_Data_
Segment Open

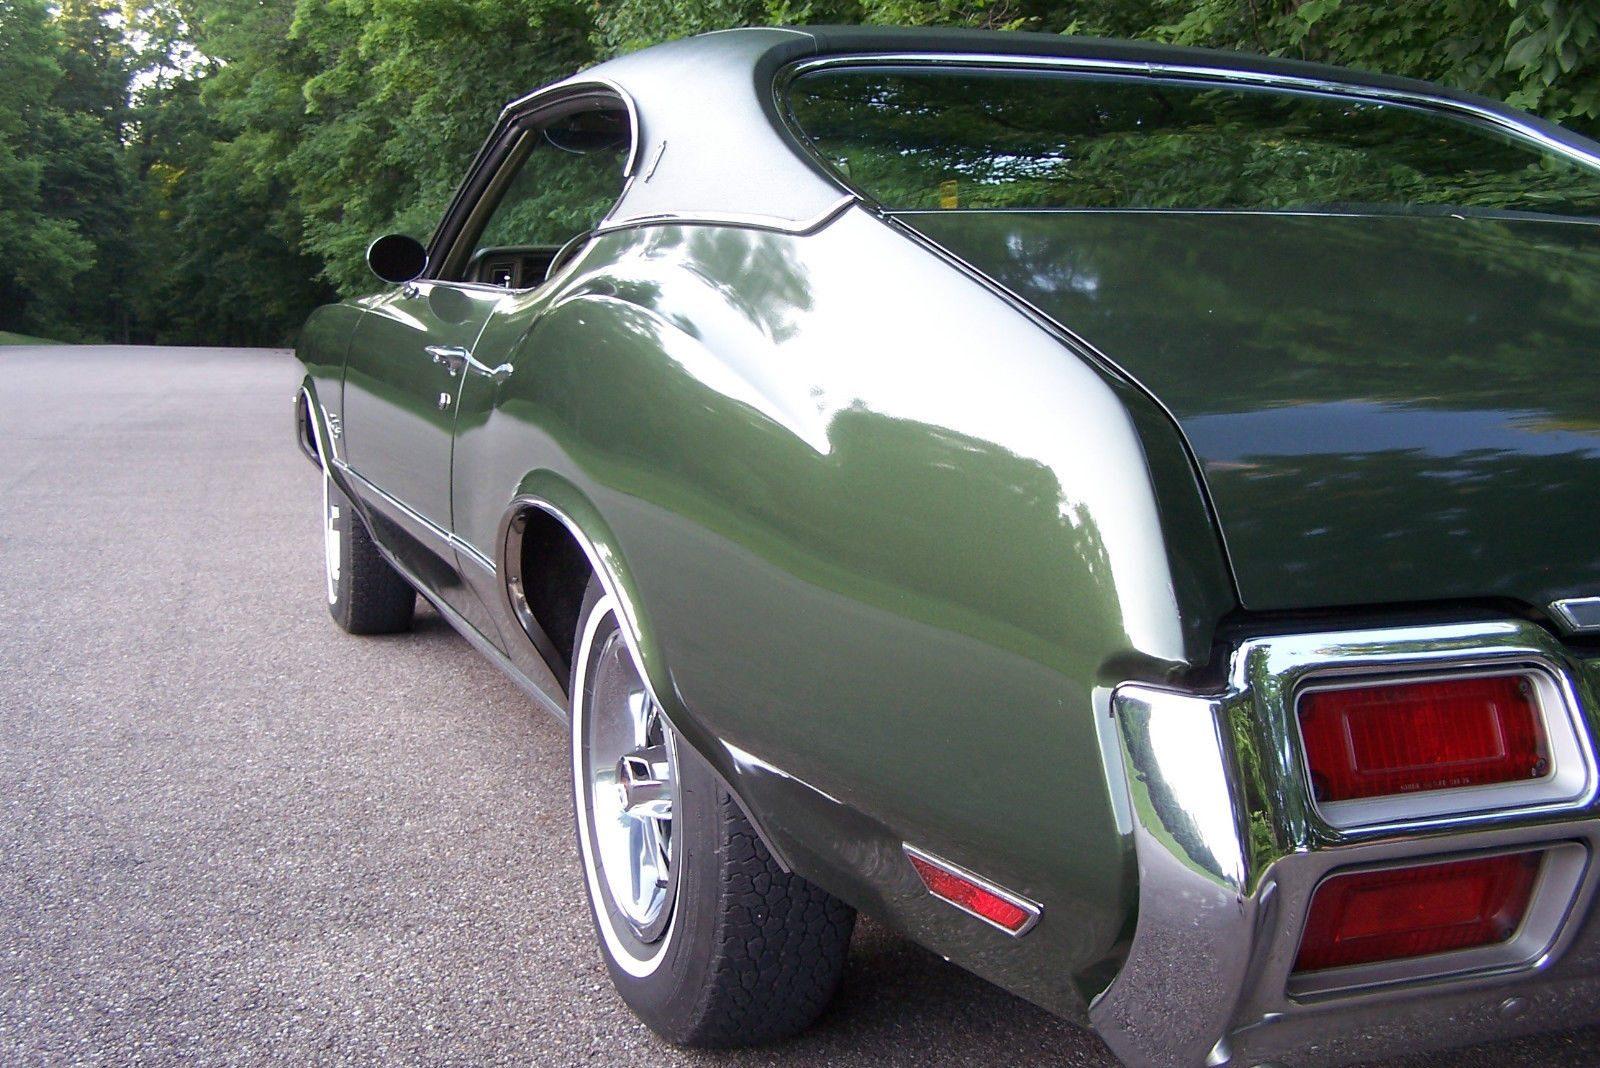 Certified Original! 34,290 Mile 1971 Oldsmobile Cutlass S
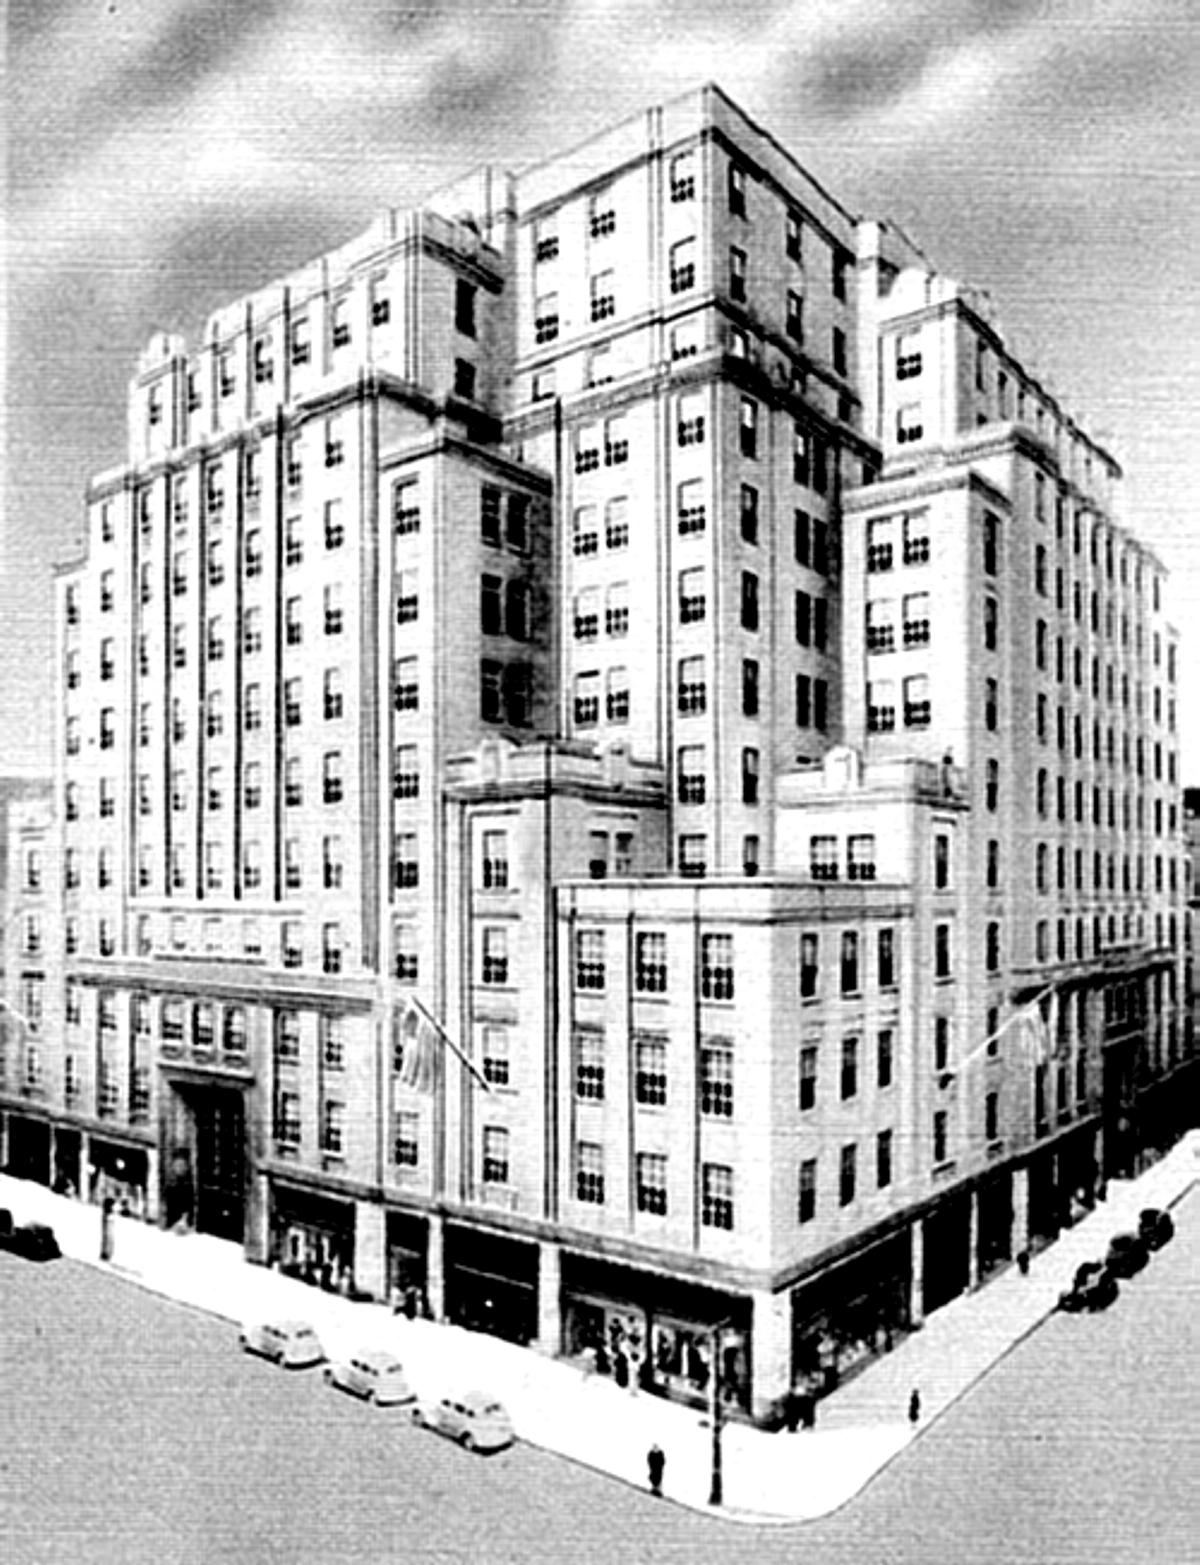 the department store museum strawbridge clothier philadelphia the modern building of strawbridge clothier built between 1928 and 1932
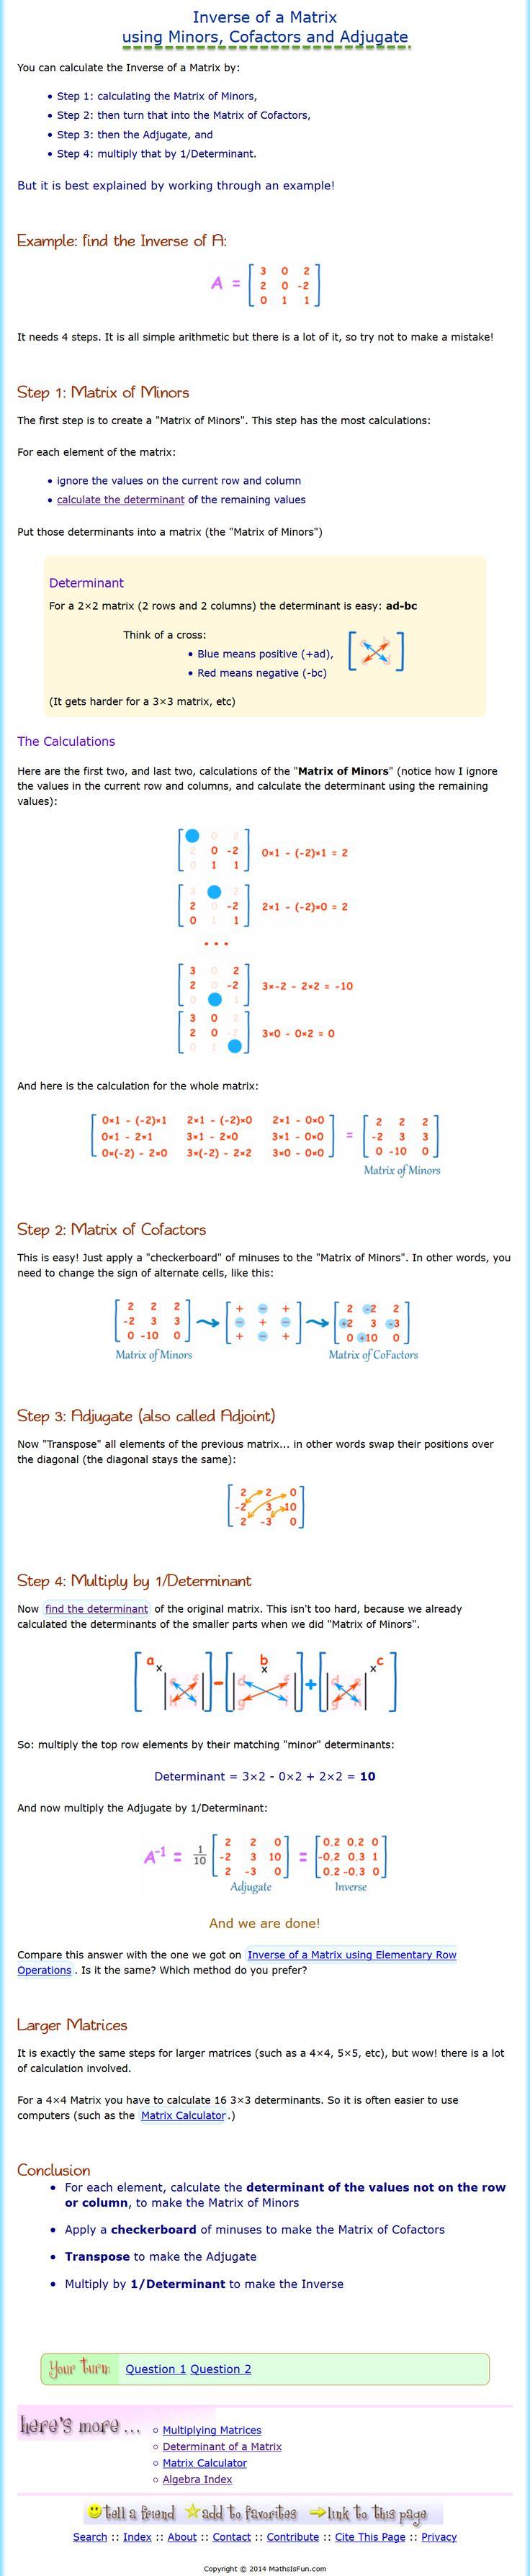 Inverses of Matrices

Segment Closed

_Aim of the exercise_
Return the lines exactly, from the one containing "the department store" through the last line above, including both ends and excluding every picture.

_Written response_
 the department store museum strawbridge clothier philadelphia the modern building of strawbridge clothier built between 1928 and 1932
 Inverses of Matrices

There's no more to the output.